Como os algarvios sabem, quando tal acontece e desde que não haja brisa maritima no litoral algarvio e devido á compressão do ar nas montanhas algarvias este ar quente, que até pode nem ser muito forte no Alentejo, aquece fortemente ao entrar no Algarve e assim isto torna-se uma brasa, como as raparigas em bikini !! (ainda me lembro de duas que vi ... ui meu Deus  ).

Bom antes que diga mais alguma bacorada é isso que se passa ...


Por isso os modelos podem dar 32º e outro dia 23º, em especial no litoral, sinceramente não sei qual a admiração !!


----------



## vitamos (14 Jun 2011 às 14:53)

SocioMeteo disse:


> O comentario do Aurélio diz tudo!
> *As previsões a 10 dias só são questionadas quando determinam dias mais frescos....quando determinam dias de calor intensos já são muito interessantes e válidas.*
> Existe uma concordancia que ira aquecer um pouco nada de anormal depois desce novamente, e isto em varias fontes portanto leva-nos a querer que não teremos um final de Junho abrasador *para tristeza de muito boa gente.*



Eu sempre analisei modelos da mesma maneira... Tento estudar-lhes as manhas e comportamentos em todas as estações do ano. 
O SocioMeteo tem algum problema com o calor e o frio. É recorrente... Vem sempre com o mesmo palavreado, dos interesses, das frustrações e até dos "melões". Já enjoa... Por demais. O seu comportamento neste fórum começa a roçar o infantil. Sugiro-lhe uma mudança de comportamento, muito sinceramente... Por si e por todos.


----------



## MeteoAlentejo (14 Jun 2011 às 19:08)

os últimos modelos indicam 39ºC para Serpa na próxima terça.


----------



## Aurélio (14 Jun 2011 às 21:05)

MeteoAlentejo disse:


> os últimos modelos indicam 39ºC para Serpa na próxima terça.
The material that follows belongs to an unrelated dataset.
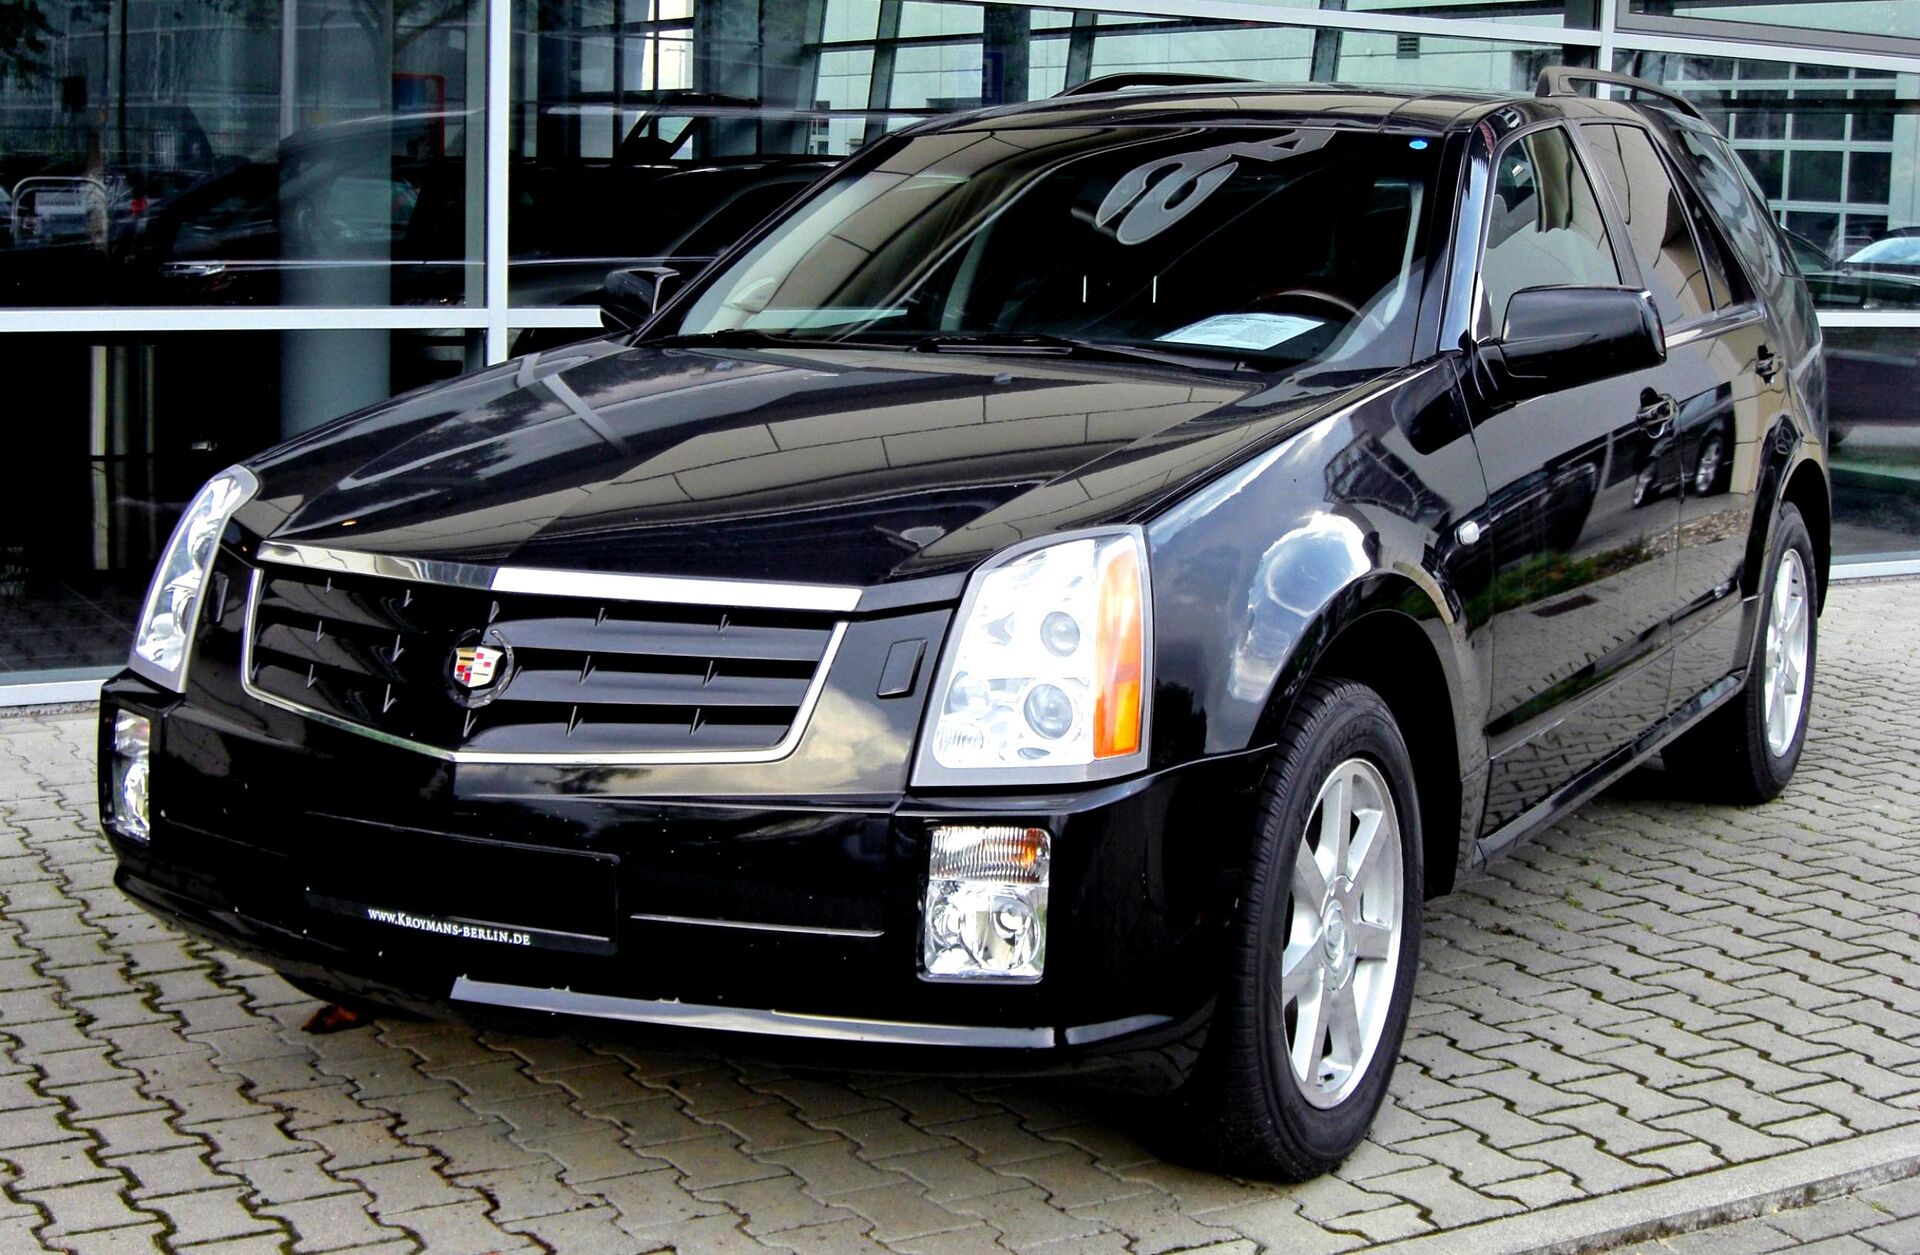 Cadillac SRX 2003 - 2009 Specs and Technical Data, Fuel Consumption

Ainda nada é certo ... os modelos estão muito voláteis e de acordo com aquilo que vejo nos modelos um minimo desvio e a temperatura (prevista) desce a pique !!


----------



## David sf (14 Jun 2011 às 21:30)

Ensemble para o Alentejo, GFS, 12z:







A saída principal que indica 39ºC para o Alentejo nos dias 21 e 22 corresponde a um outlier quente, o mais provável é termos de domingo a terça feira máximas a rondar os 35ºC no Alentejo e Algarve e a partir de quarta, 22, as temperaturas voltarem a baixar para os valores que se têm registado nos últimos dias.
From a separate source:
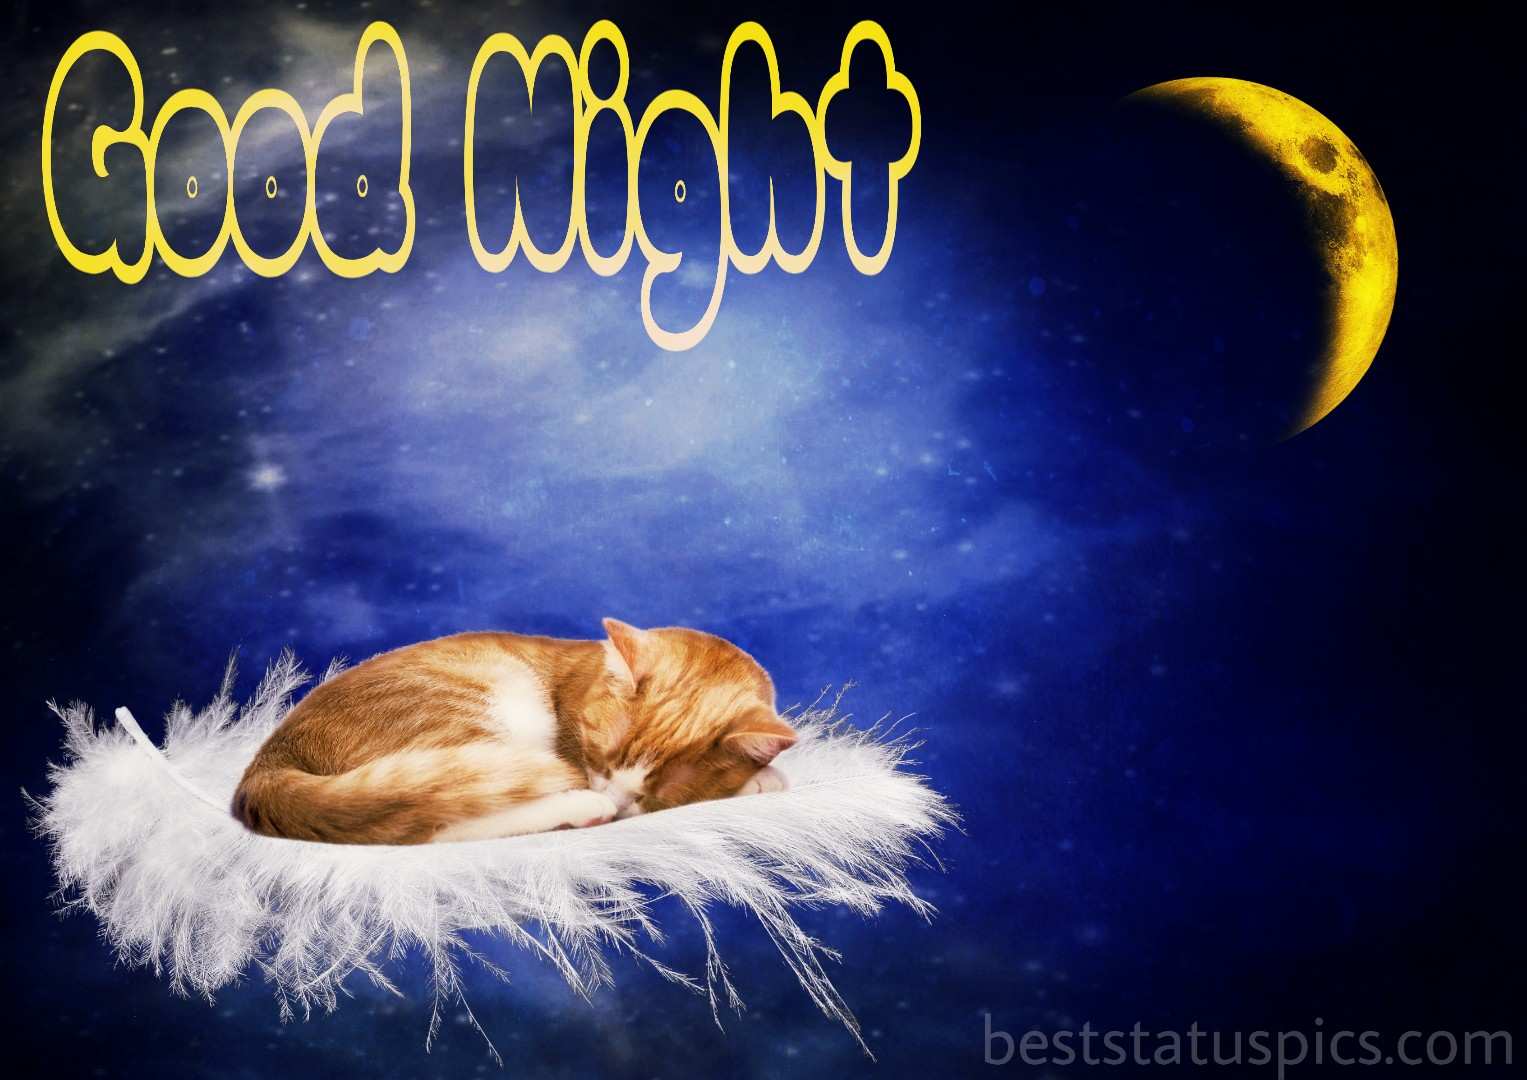 51 Beautiful Good Night Hd Images With Cat Kitty Kitten Best Status Pics

No litoral e interior norte é improvável que se ultrapassem os 30ºC.


----------



## Aurélio (14 Jun 2011 às 23:14)

De acordo com o IM aqui no Algarve a temperatura vai-se manter sempre dentro dos 30º C nos próximos 10 dias, sendo que até Sábado a temperatura manter-se-á entre os 30 e os 32ºC, e depois entre Domingo e Terça subirá até uns escaldantes 36ºC (se não ouver o habitual sudoeste de final de dia), e depois desçe até aos valores desta semana !!

Seja como for geralmente esta Nortada em especial quando é mais intensa ás vezes engana o IM (aquece ainda mais) ... 

No Alentejo nas cidades que consultei não vi nenhuma acima dos 34/35ºC o que não é de espantar dado que a nortada faz sempre escaldar mais o Algarve do que o Alentejo, o que é engraçado !!


----------



## stormy (14 Jun 2011 às 23:41)

Aurélio disse:


> De acordo com o IM aqui no Algarve a temperatura vai-se manter sempre dentro dos 30º C nos próximos 10 dias, sendo que até Sábado a temperatura manter-se-á entre os 30 e os 32ºC, e depois entre Domingo e Terça subirá até uns escaldantes 36ºC (se não ouver o habitual sudoeste de final de dia), e depois desçe até aos valores desta semana !!
> 
> Seja como for geralmente esta Nortada em especial quando é mais intensa ás vezes engana o IM (aquece ainda mais) ...
> 
> No Alentejo nas cidades que consultei não vi nenhuma acima dos 34/35ºC o que não é de espantar dado que a nortada faz sempre escaldar mais o Algarve do que o Alentejo, o que é engraçado !!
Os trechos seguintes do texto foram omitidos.